Do any of you know of any edible chews for a 9 week old puppy.

Most of the ones I've seen on the UK market are for puppies - 12 weeks or older.

Barney managed to snaffle a nylabone edible chew before I realised it was for a slightly older pup. Loved it, but gave him the runs.

Thus looking for something that he could chew on.


----------



## Tinman (Apr 23, 2013)

Antlers are great, I don't think there is an age limit - they're not edible, but really great for chewing.
Nylabones can give pups the runs.
Another tip we learnt on here and did, was to get an old face cloth / flannel, wet it, squeeze it & freeze it! It's great for baby teeth, harmless - but can leave you with a wet floor - so tiles are the best! X


----------



## Lexi&Beemer (May 5, 2013)

With antlers you get them split so the marrow is exposed. I gave them small ice cubes and they loved crunching in those. Though like the towel, expect puddles. Frozen carrots work too. 
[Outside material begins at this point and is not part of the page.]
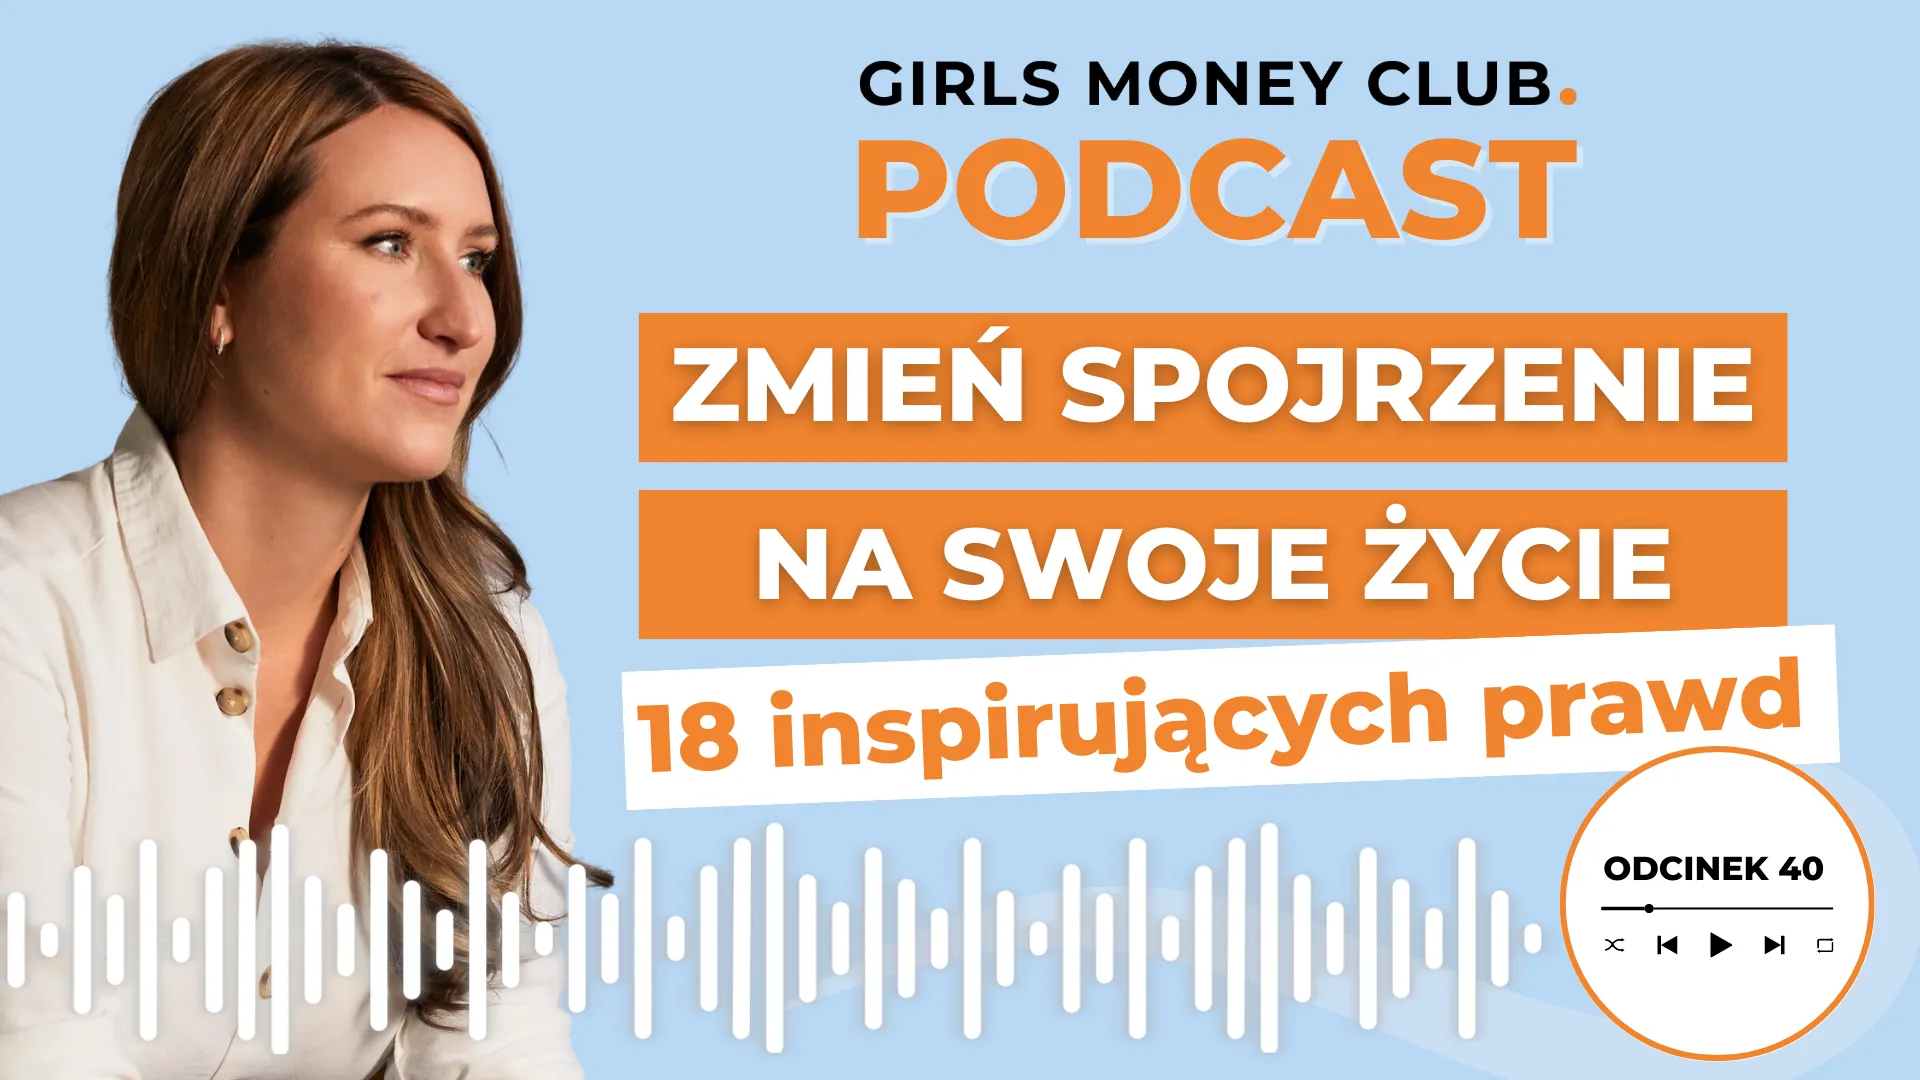 Spojrzenie na życie | Podcast | Girls Money Club
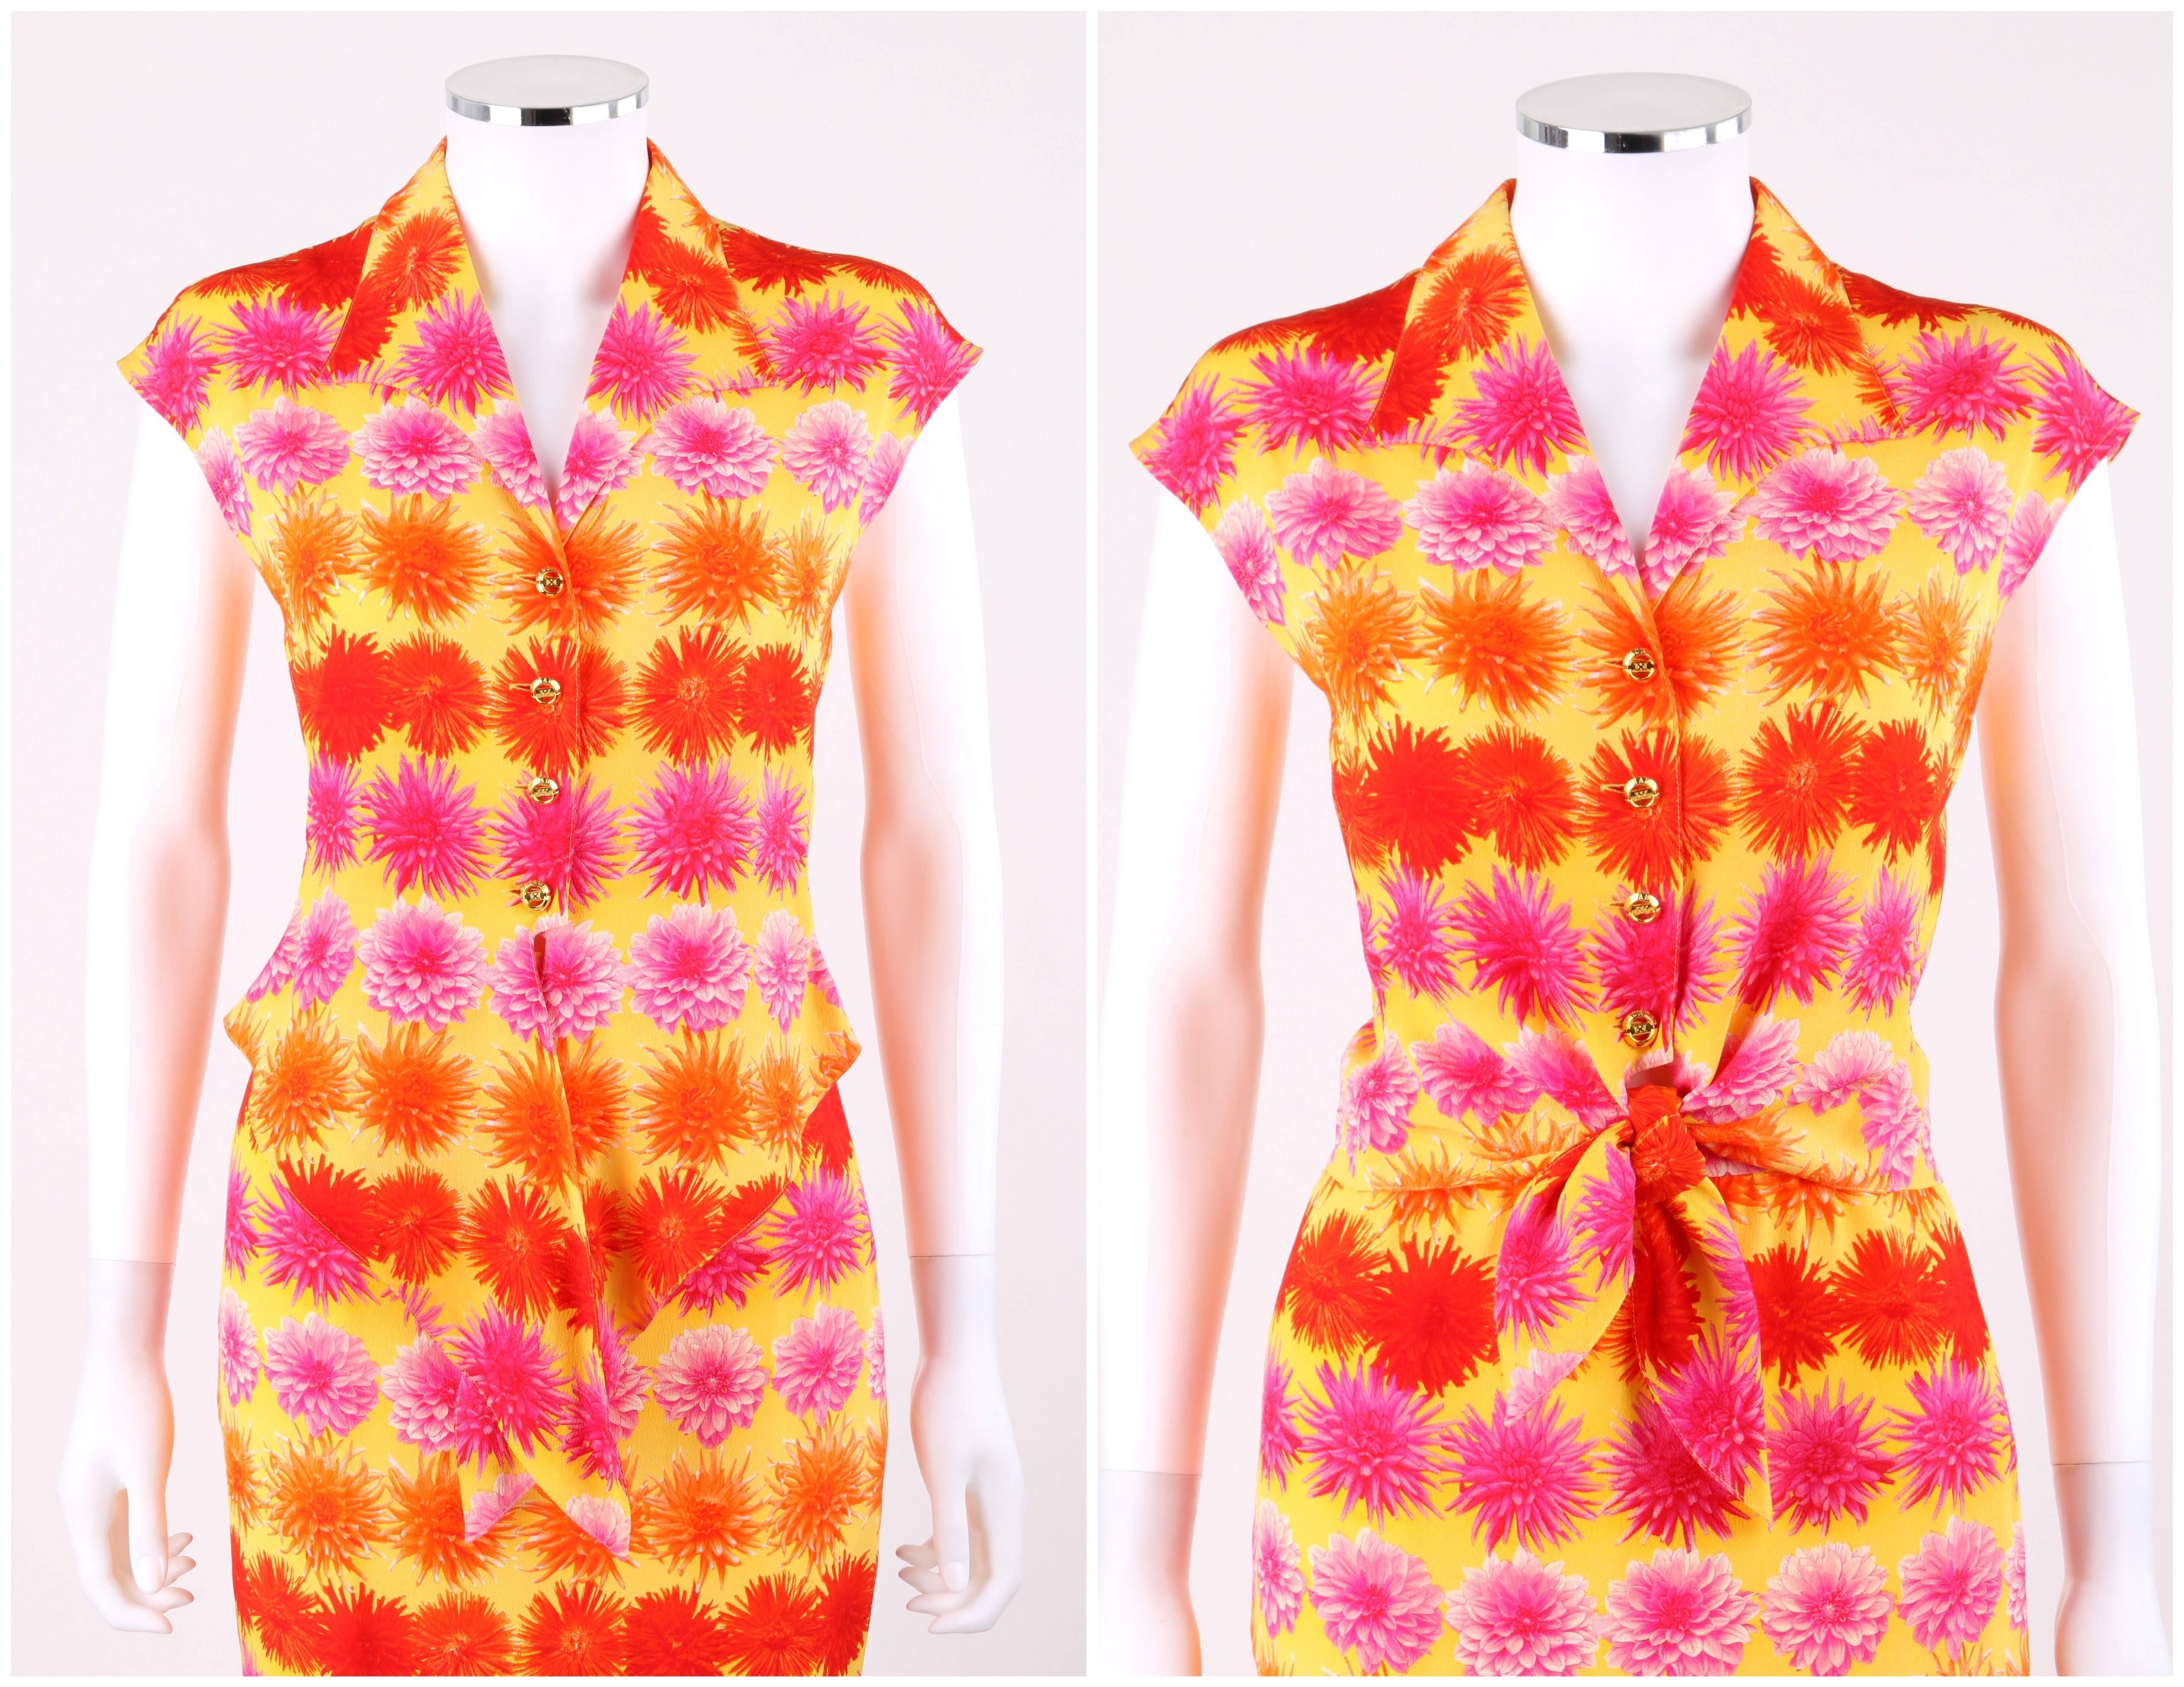 Escada Margaretha Ley c.1990's zwei Stück Blumendruck Seide Krawatte vorne Bluse Rock Anzug Set; Neu mit Tags. Mehrfarbiger, kräftiger Blumendruck in Rot-, Pink- und Orangetönen auf gelber Seide. Spitzer Reverskragen. Verlängerte Schulter. Vier

Sent from my iPhone using Tapatalk


----------



## Grove (Oct 17, 2012)

Not edible but Gandhi liked the pet stages cool teething stick. You put it in the freezer and then they have a chew on it after which is soothing


----------



## Sandhya333 (May 18, 2014)

Thanks for these.

Hadn't thought of freezing stuff before.

Going right off to get that done, so he has something for tomorrow, when I'm at work.


----------